Segment Start: Record excerpts
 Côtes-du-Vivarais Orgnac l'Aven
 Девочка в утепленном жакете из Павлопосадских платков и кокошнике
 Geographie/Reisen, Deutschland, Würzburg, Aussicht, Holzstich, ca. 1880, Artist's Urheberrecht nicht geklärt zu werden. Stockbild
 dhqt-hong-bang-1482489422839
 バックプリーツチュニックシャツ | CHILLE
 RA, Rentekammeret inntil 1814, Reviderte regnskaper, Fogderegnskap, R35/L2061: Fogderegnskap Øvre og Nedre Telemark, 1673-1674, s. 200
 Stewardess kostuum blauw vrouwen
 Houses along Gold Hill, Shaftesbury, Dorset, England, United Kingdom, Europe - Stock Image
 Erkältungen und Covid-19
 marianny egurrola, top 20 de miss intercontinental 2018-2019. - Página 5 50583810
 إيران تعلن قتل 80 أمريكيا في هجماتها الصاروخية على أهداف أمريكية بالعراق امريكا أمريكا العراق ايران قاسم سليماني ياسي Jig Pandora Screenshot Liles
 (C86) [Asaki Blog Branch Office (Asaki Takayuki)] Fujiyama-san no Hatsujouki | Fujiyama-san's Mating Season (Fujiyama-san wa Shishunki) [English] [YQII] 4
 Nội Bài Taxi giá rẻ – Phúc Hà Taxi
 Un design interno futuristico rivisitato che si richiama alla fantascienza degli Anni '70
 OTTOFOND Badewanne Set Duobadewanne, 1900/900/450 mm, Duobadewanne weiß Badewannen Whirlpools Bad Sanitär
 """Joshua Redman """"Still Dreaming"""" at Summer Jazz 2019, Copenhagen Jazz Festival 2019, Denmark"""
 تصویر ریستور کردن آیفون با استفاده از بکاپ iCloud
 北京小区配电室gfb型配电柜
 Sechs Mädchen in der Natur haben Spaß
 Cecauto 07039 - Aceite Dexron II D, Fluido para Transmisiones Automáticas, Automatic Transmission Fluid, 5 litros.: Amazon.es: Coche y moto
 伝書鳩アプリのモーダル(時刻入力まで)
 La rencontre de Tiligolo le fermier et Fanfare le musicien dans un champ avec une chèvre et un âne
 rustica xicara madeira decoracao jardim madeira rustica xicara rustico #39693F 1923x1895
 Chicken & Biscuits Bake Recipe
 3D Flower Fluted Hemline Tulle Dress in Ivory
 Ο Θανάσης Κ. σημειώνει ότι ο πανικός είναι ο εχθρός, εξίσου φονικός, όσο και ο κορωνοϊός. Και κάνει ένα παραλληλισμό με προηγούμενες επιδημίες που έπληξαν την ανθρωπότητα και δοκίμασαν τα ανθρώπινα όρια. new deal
Segment End: Record excerpts
» **Task instructions**
What is needed is every line from the start of the entries through the line containing "rustica xicara madeira", returned word for word and nothing else.

» **Answer for the task**
 Côtes-du-Vivarais Orgnac l'Aven
 Девочка в утепленном жакете из Павлопосадских платков и кокошнике
 Geographie/Reisen, Deutschland, Würzburg, Aussicht, Holzstich, ca. 1880, Artist's Urheberrecht nicht geklärt zu werden. Stockbild
 dhqt-hong-bang-1482489422839
 バックプリーツチュニックシャツ | CHILLE
 RA, Rentekammeret inntil 1814, Reviderte regnskaper, Fogderegnskap, R35/L2061: Fogderegnskap Øvre og Nedre Telemark, 1673-1674, s. 200
 Stewardess kostuum blauw vrouwen
 Houses along Gold Hill, Shaftesbury, Dorset, England, United Kingdom, Europe - Stock Image
 Erkältungen und Covid-19
 marianny egurrola, top 20 de miss intercontinental 2018-2019. - Página 5 50583810
 إيران تعلن قتل 80 أمريكيا في هجماتها الصاروخية على أهداف أمريكية بالعراق امريكا أمريكا العراق ايران قاسم سليماني ياسي Jig Pandora Screenshot Liles
 (C86) [Asaki Blog Branch Office (Asaki Takayuki)] Fujiyama-san no Hatsujouki | Fujiyama-san's Mating Season (Fujiyama-san wa Shishunki) [English] [YQII] 4
 Nội Bài Taxi giá rẻ – Phúc Hà Taxi
 Un design interno futuristico rivisitato che si richiama alla fantascienza degli Anni '70
 OTTOFOND Badewanne Set Duobadewanne, 1900/900/450 mm, Duobadewanne weiß Badewannen Whirlpools Bad Sanitär
 """Joshua Redman """"Still Dreaming"""" at Summer Jazz 2019, Copenhagen Jazz Festival 2019, Denmark"""
 تصویر ریستور کردن آیفون با استفاده از بکاپ iCloud
 北京小区配电室gfb型配电柜
 Sechs Mädchen in der Natur haben Spaß
 Cecauto 07039 - Aceite Dexron II D, Fluido para Transmisiones Automáticas, Automatic Transmission Fluid, 5 litros.: Amazon.es: Coche y moto
 伝書鳩アプリのモーダル(時刻入力まで)
 La rencontre de Tiligolo le fermier et Fanfare le musicien dans un champ avec une chèvre et un âne
 rustica xicara madeira decoracao jardim madeira rustica xicara rustico #39693F 1923x1895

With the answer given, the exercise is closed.